“We take care of our bodies, but we don’t always take care of our minds. Our brain keeps us healthy and coordinates everything we do. Take care of it.”
Starting a conversation with someone who you are worried may be struggling with their mental health can be difficult. How can you be a good support system for those in your life?
We sat down with Dr. Nicole Loreto, Health Psychologist and VP of Communications and Health Promotion at the Royal Ottawa, to discuss tips for having that conversation with someone you care about.
Initiate the conversation
Dr. Loreto stresses the importance of being direct. “Say you are worried about them. Ask them how they’re feeling, and if anything different has been going on,” she explains. “Ask them questions, even the difficult ones. Suicide ideation is something that occurs, and although it is crucial to be empathetic and supportive, be direct.” Ultimately, she emphasizes the best way to reach out to someone is just letting them know you’re concerned about their well-being.
Be a good listener
If someone comes to you because they’re struggling with their mental health, what should you do? Dr. Loreto recommends the first thing to do is listen. She explains, “It’s important for you to hear them; if they’re ready to talk about it and they want to get it off their chest, act as a friend and confidant.” In the same breath, Dr. Loreto also notes how you shouldn’t try to be their therapist: “Most people feel they need to be the one to give tips, but there are people out there that have education and training to assess these situations, and offer the proper guidance to manage the issues.” So, listen to this person, be supportive, and then encourage them to seek professional help if necessary. The Royal offers multiple free resources, including their stress line, a mobile crisis team, and a BounceBack interactive program online.

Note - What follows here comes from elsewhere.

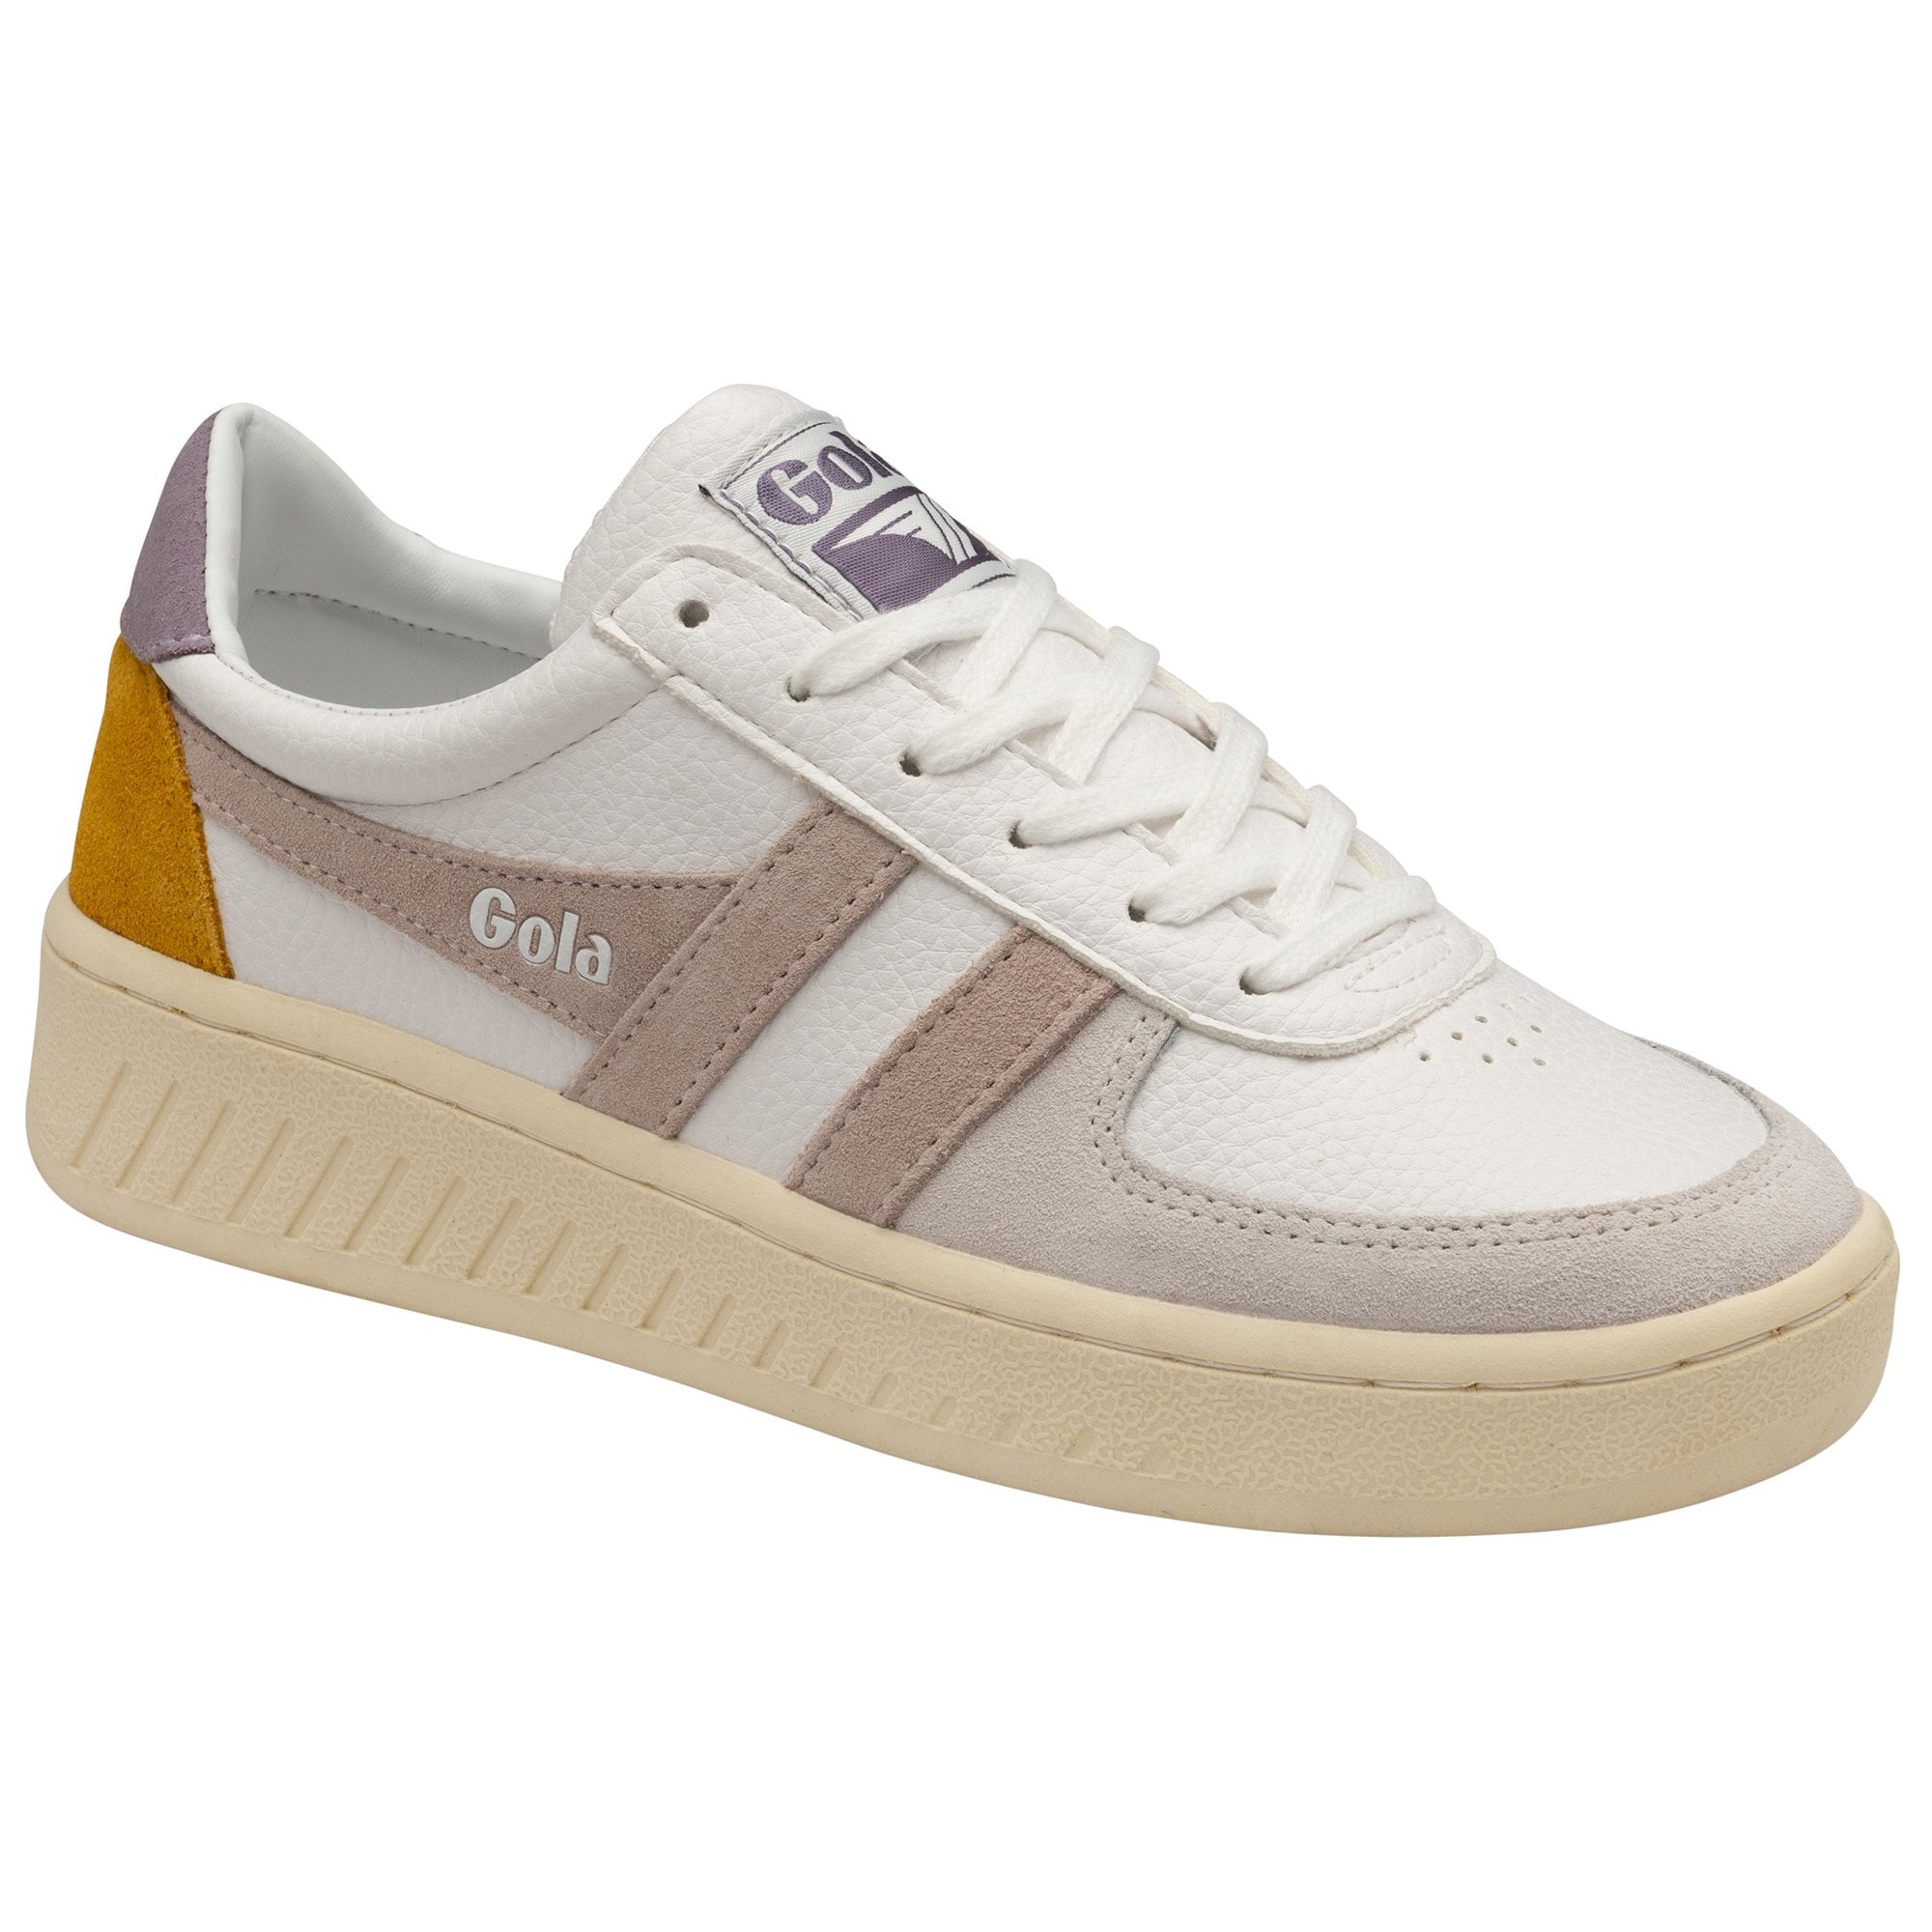 Women's Grand slam Leather Trainers, White/Blossom/Lily

Support is just being there
We asked Dr. Loreto how to support someone living with a mental illness, and she explained the significance in encouraging them to continue with their coping strategies, whether it’s meditation, psychotherapy, etc.. “People have to find their own unique mechanisms to cope that work for them. You don’t need to tell them what to do, but remind them to do the things that help them.” She also said to be mindful that, depending on what this person is experiencing, their emotions may come out in anger, anxiety, sadness, or stress. Getting enough sleep, healthy eating, physical activity, meditation, and music are all critical to coping. But on the whole, be kind. “You can support them without saying a lot,” she finished, “just be there.”